La labor y el toque del joven artista es significante por un acusado trabajo de investigación, el rigor ante el cometido de construir el pasado con objetos que han de estar a tono con la época escrita, con bienes inmuebles que exigen ser rescatados o construidos del todo, con símbolos materiales insertos en la trama, ante los reclamos de un director exigente. Maykel González, ya suma un nombre a la cinematografía cubana con este filme. El exquisito trabajo de depuradas texturas, el acabado de sus piezas escénicas, la manera en que compone la arquitectura de sus paisajes interiores y de ambiente exterior, hablan de su trabajo.

En el cine contemporáneo, cada vez más, está presente la figura de la dirección de arte. El talento de estos creadores es vital para el terminado de toda obra fílmica, su credibilidad, los equilibrios artísticos y estéticos que conforman esenciales significantes del arte cinematográfico, son algunos de las pautas que le caracterizan.

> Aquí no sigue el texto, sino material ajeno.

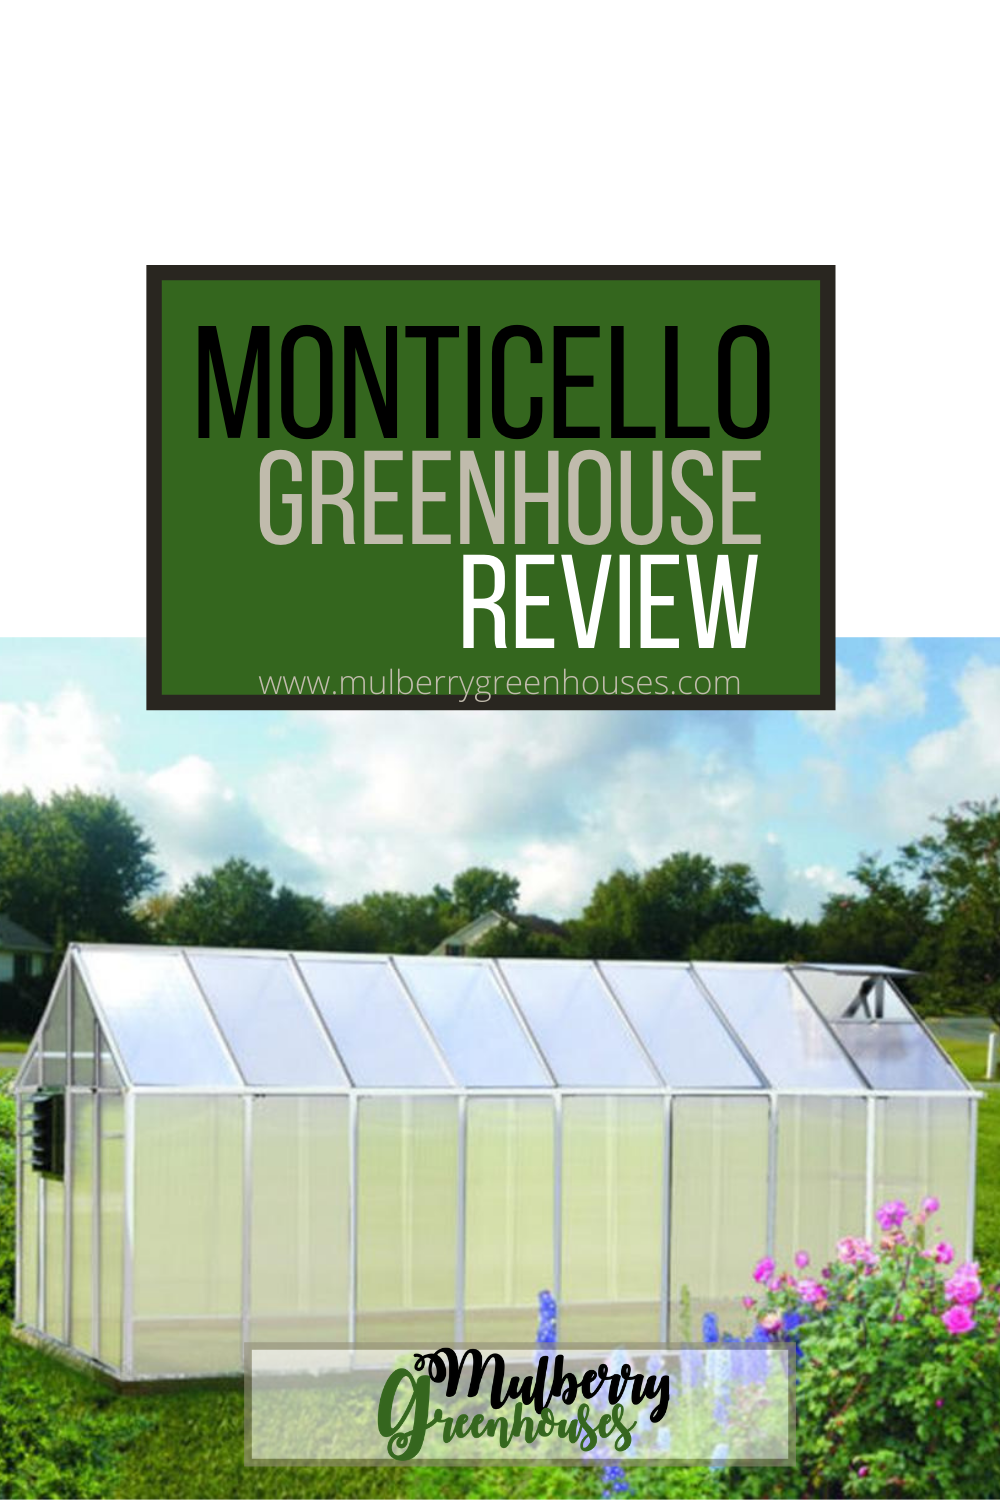 Monticello Greenhouse Review
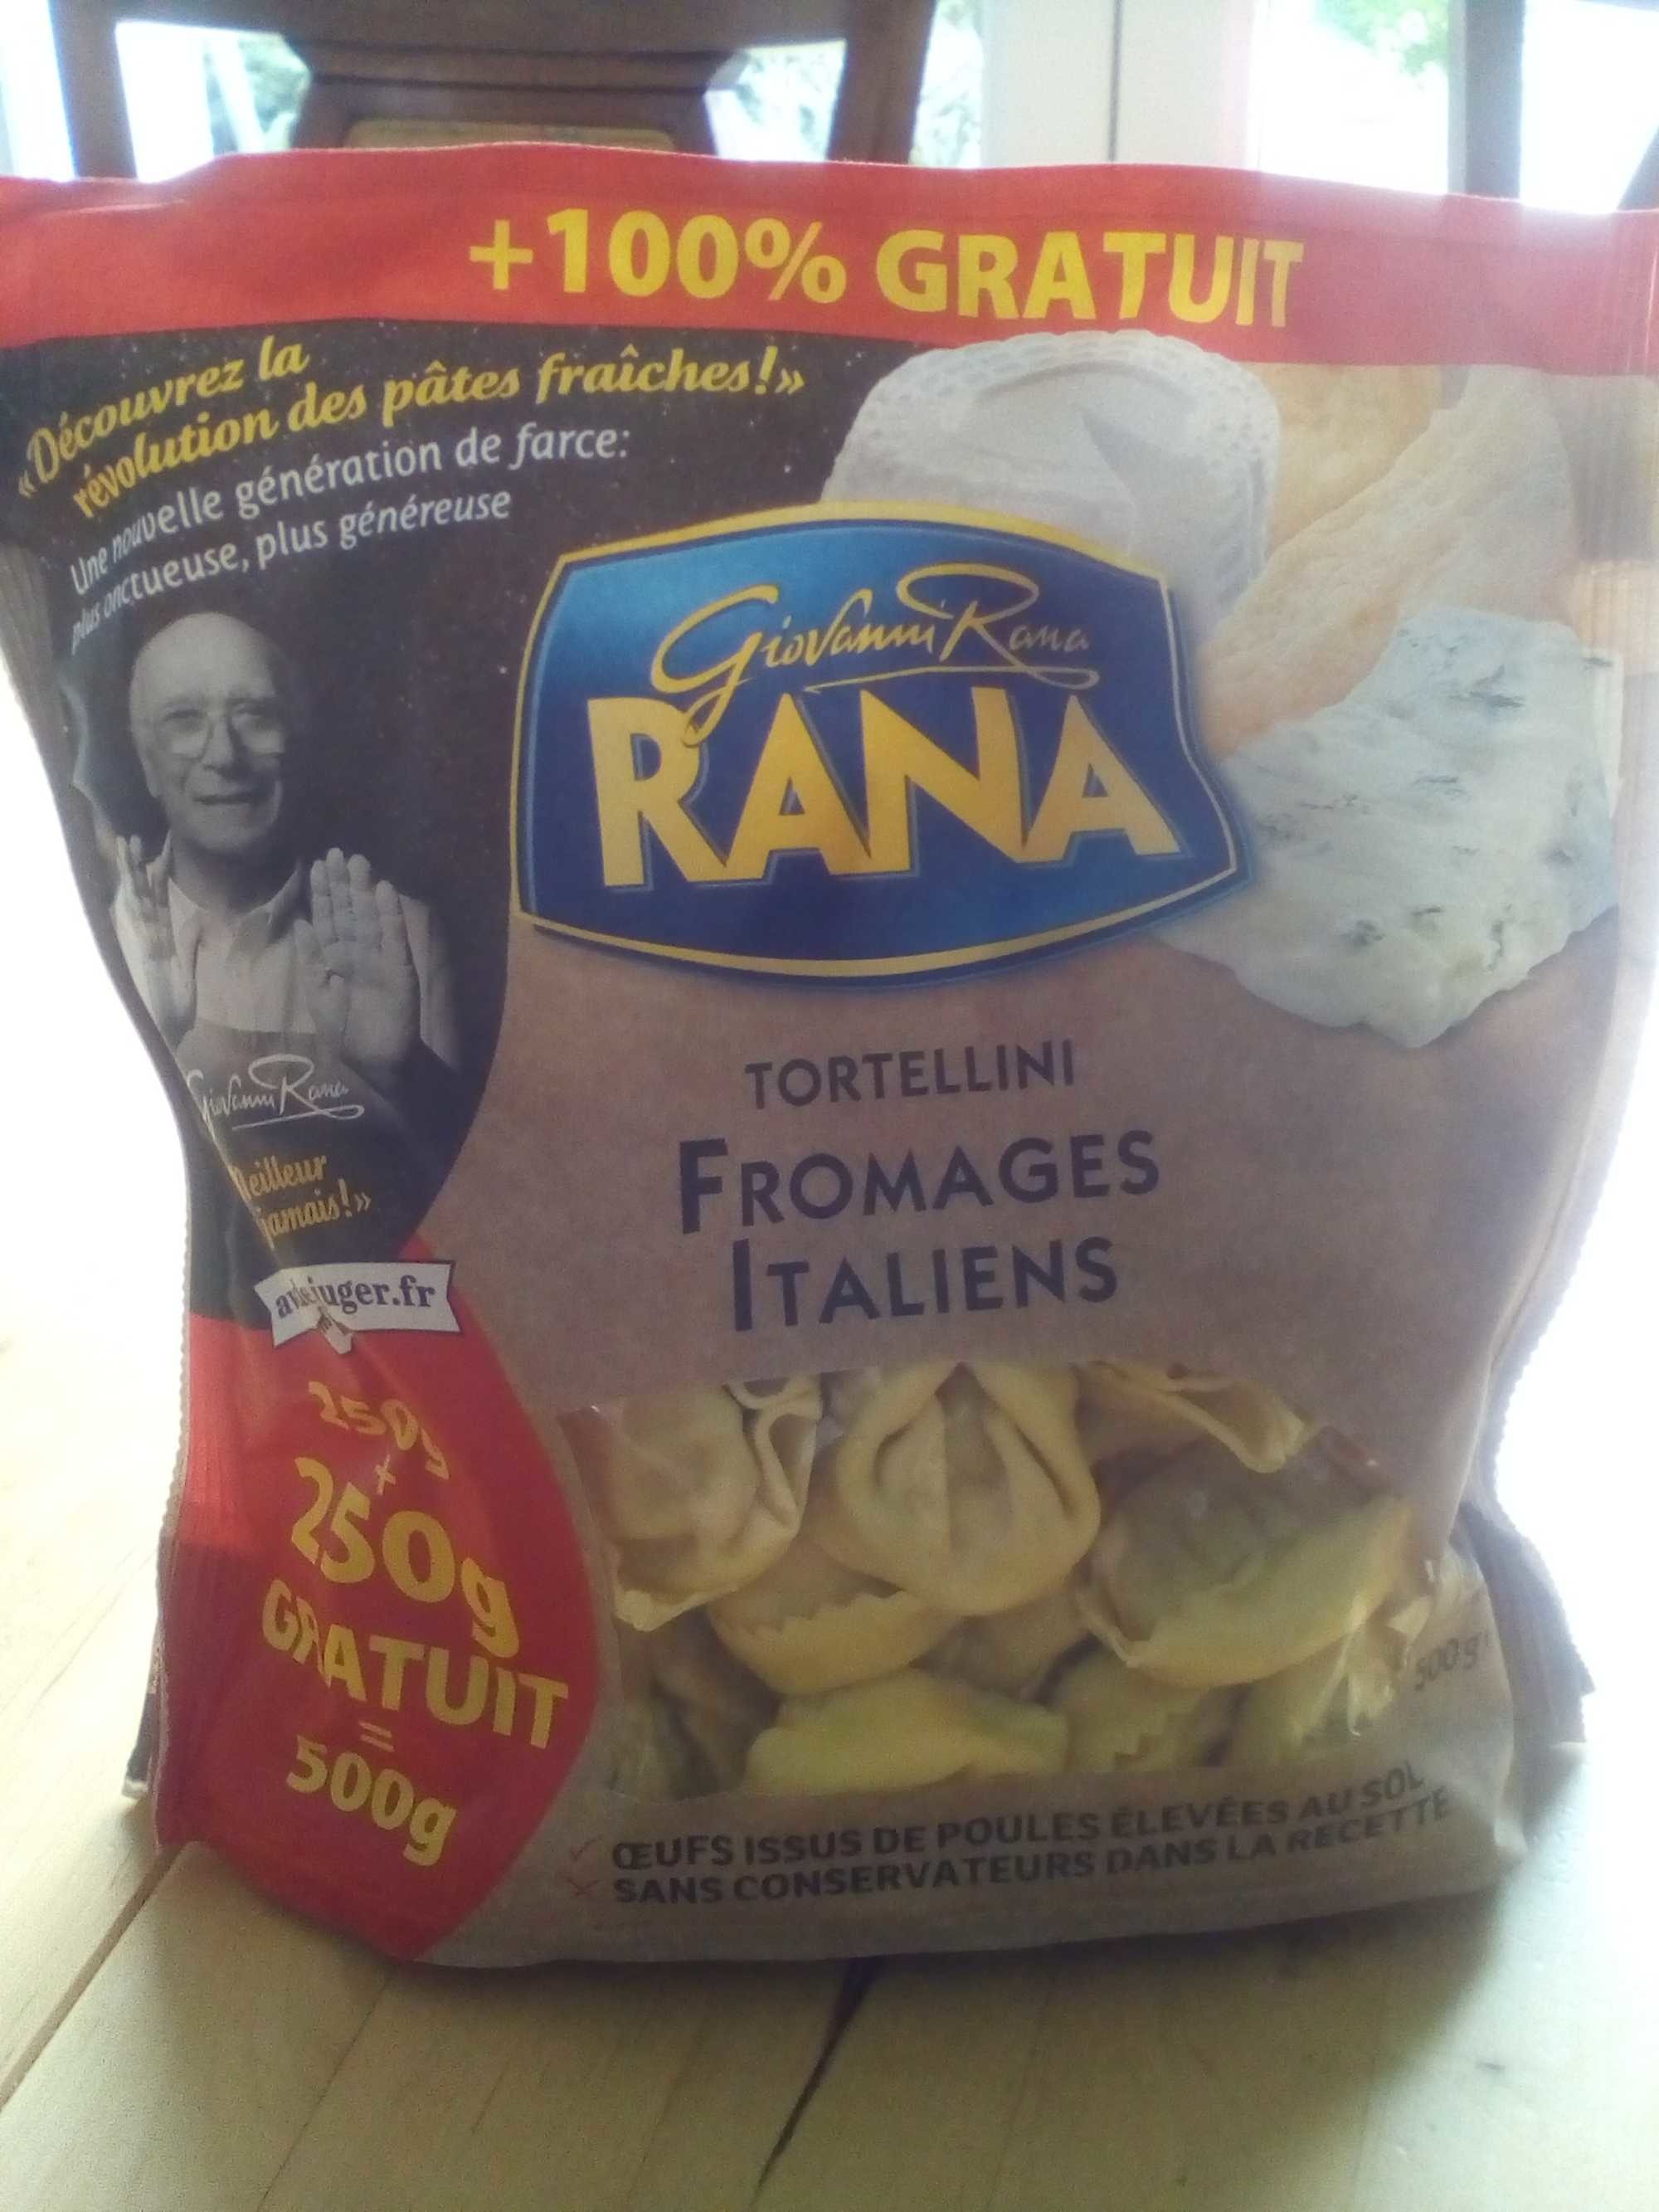 Tortellini fromages italiens - Product - fr

En este apartado entra en escena la joven Nanette García, quién tiene también el encargo del trabajo de vestir a los actores, extras y figurantes.

La creadora dibuja con tenacidad y profesionalismo las disímiles telas que conviven en esta pieza de acento literario. Vestuario no es solo construir en el presente —el del filme― los de otra época, de otro período narrado. El ropaje ha de partir de las premisas escénicas, de los derroteros actorales y sus desarrollos argumentales.

Estos son principios presentes en toda la obra audiovisual, en cada parte del filme. Nanette revela su talento, con un amplio abanico de propuestas cuyas telas dibujan también los vastos andamiajes de la artesanía cubana, que tomó de la cultura española, de la europea. Y como resulta obvio, en este período narrado se incorporan los vestuarios de los “buenos amigos”. La creadora suma este otro andamiaje a nuestra geografía cultural, a nuestra memoria histórica.

La composición estructural de la obra, los amplios abanicos de las puestas en escenas, el trabajo estético que entronca con la fotografía y el diseño escenográfico a tono con la época, ganan jerarquía con la labor de peluquería o maquillaje, y son parte de medulares toques de dirección de arte.

Hay que mirar entonces a Cuba libre con vuelo de pájaro. Jorge Luis Sánchez, quién felizmente peca de rigor, nos ha construido una personalísima obra de nuestro pasado en clave de presente. En todo su diseño rebotan los símbolos, los significantes históricos y cinematográficos, vitales para la legitimación del texto audiovisual. Cada parte del filme se va revelando con diálogos de llana escritura, con tomas de luces y sombras, justificadas por los trazos argumentales que le sustentan, que le distinguen.

La narrativa de este texto parte de estudiados hechos históricos que su autor reescribe bajo el precepto de apropiarse de muchas fuentes, todas ellas contrastadas. No se trata de un filme que pretenda reproducir con exactitud el período acuñado. El realizador las recompone con mirada discursiva, con entonación cinematográfica. Dibuja su sello anclado a los trazos de la novela histórica, significada como verdad y esculpida como ficción.

Cuba libre es una obra simbólica, de sopesadas parábolas. Un texto cinematográfico cuyas escenas son también unidades de sentidos propios, escritas para la lectura de nuestro presente histórico.

Ante esta afirmación amerita subrayar una escena que evoluciona en un interior donde están presentes altos oficiales del ejército norteamericano. Singular acto de austeridad escénica y fotográfica, cuya mayor fortaleza está en los parlamentos, en lo que salta a la luz desde la voz y los tonos de un oficial de mayor rango, de clara jerarquía militar, entre los muchos allí presentes.

El director Jorge Luis Sánchez construye ideas anticipatorias, premonitorias tal vez. A fin de cuentas estoy de acuerdo con él cuando afirma que las contiendas que embestirá el gobierno de EE.UU. contra el pueblo cubano, será de símbolos, y yo agrego, de sutilezas no reveladas.

Si hablamos de símbolos, baste recordar la reciente ceremonia de reapertura de la Embajada de EE.UU. en nuestro país. Un acto cargado de signos, de calculada dramaturgia, de atrezos colocados como estelas cinematográficas o teatrales. Toda una puesta en escena pensada para el ejercicio de la política.